Elon Musk has said he’s open to the idea of buying the collapsed Silicon Valley Bank and turning it into a digital bank. His remark came after US regulators pulled the plug on Silicon Valley Bank (SVB) on Friday.
Min-Liang Tan, co-founder and CEO of Razer, tweeted “I think Twitter should buy SVB and become a digital bank.”
“I'm open to the idea,” Musk tweeted in response. The billionaire entrepreneur had last year acquired Twitter in a $44 billion deal.
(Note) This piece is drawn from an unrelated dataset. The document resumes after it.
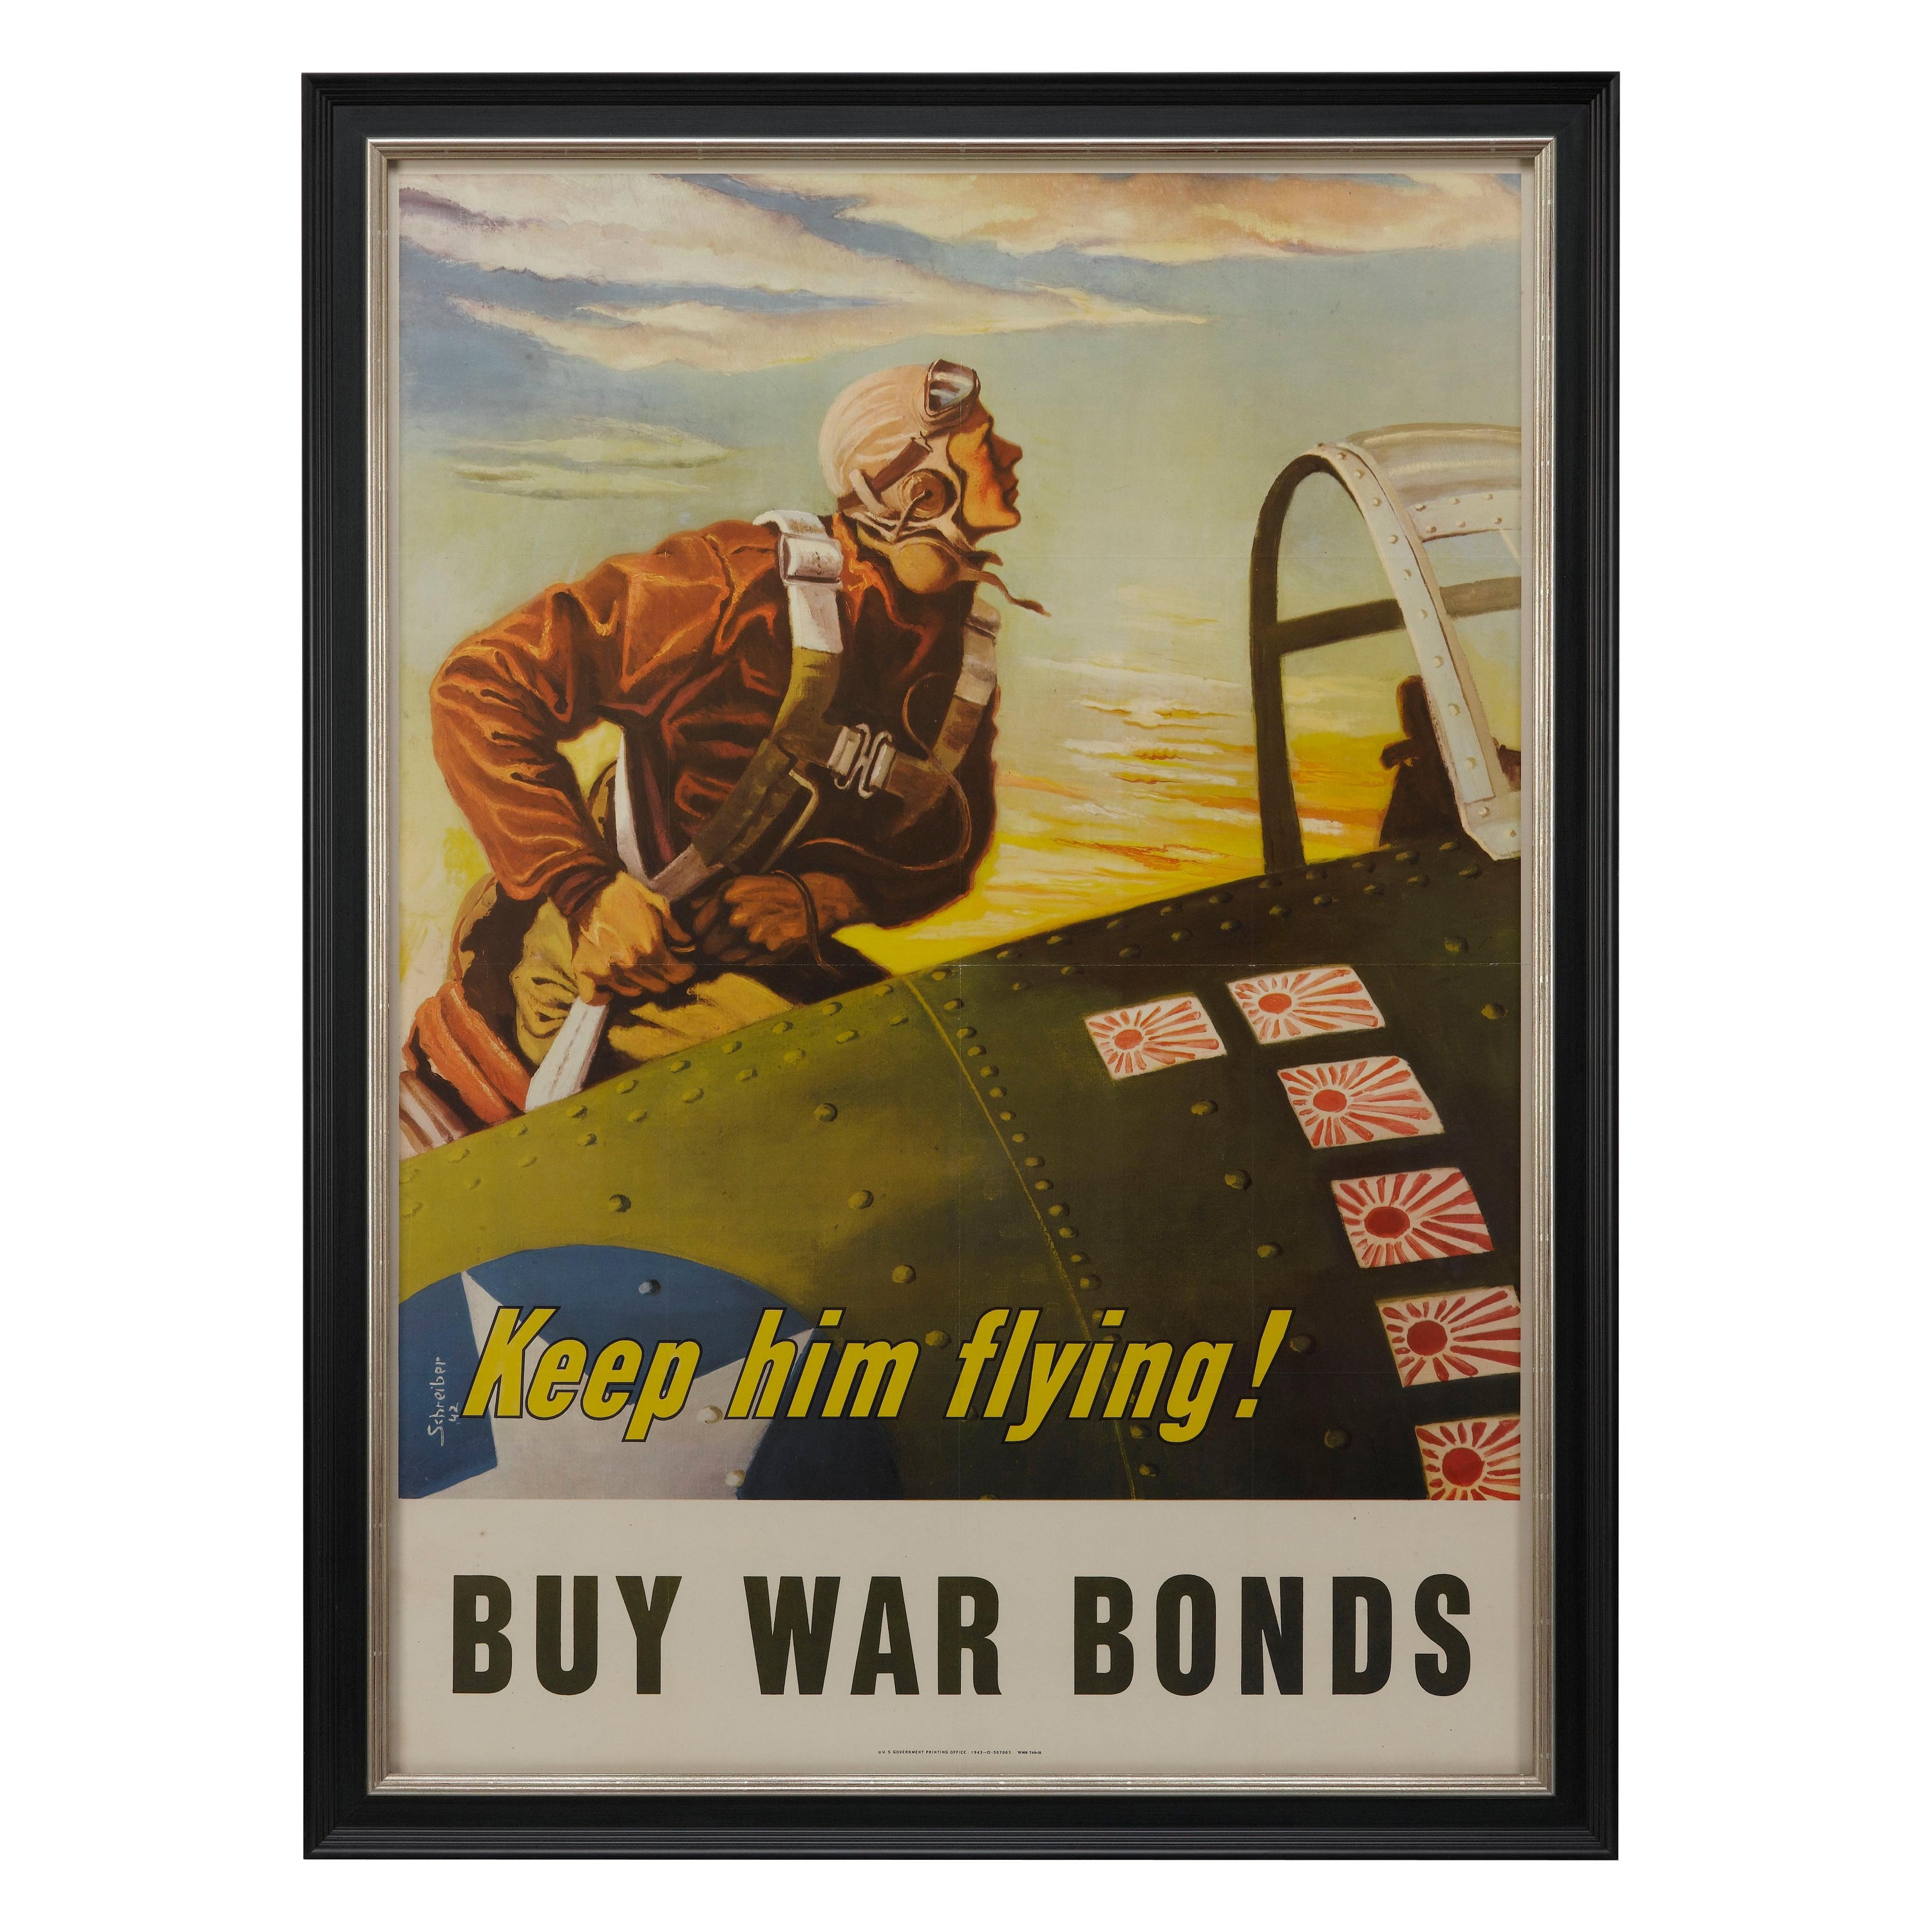 "Keep Him Flying! Buy War Bonds" Vintage WWII Poster by George Schreiber, 1943

He had then floated the idea of bringing payments to the microblogging platform as the first step towards making Twitter an 'everything app.'
Musk's remarks on the SVB crisis, coupled with his earlier interest in creating a payments platform on Twitter, has raised speculation that his tweet may have been in earnest.
Little known to the general public, SVB specialized in financing start-ups and had become the 16th largest US bank by assets: at the end of 2022, it had $209 billion in assets and approximately $175.4 billion in deposits. On Friday, March 10, the bank was shut down by US regulators and its assets were seized.
Its demise represents not only the largest bank failure since Washington Mutual in 2008, but also the second largest failure ever for a retail bank in the United States.
The surprisingly rapid collapse of Silicon Valley Bank has left markets rattled. SVB's problems were sparked by customer withdrawals that led the company to liquidate securities positions whose values had plummeted due to the Federal Reserve's interest rate hikes.
The quick jump in interest rates meant that securities they had bought were selling for significantly less.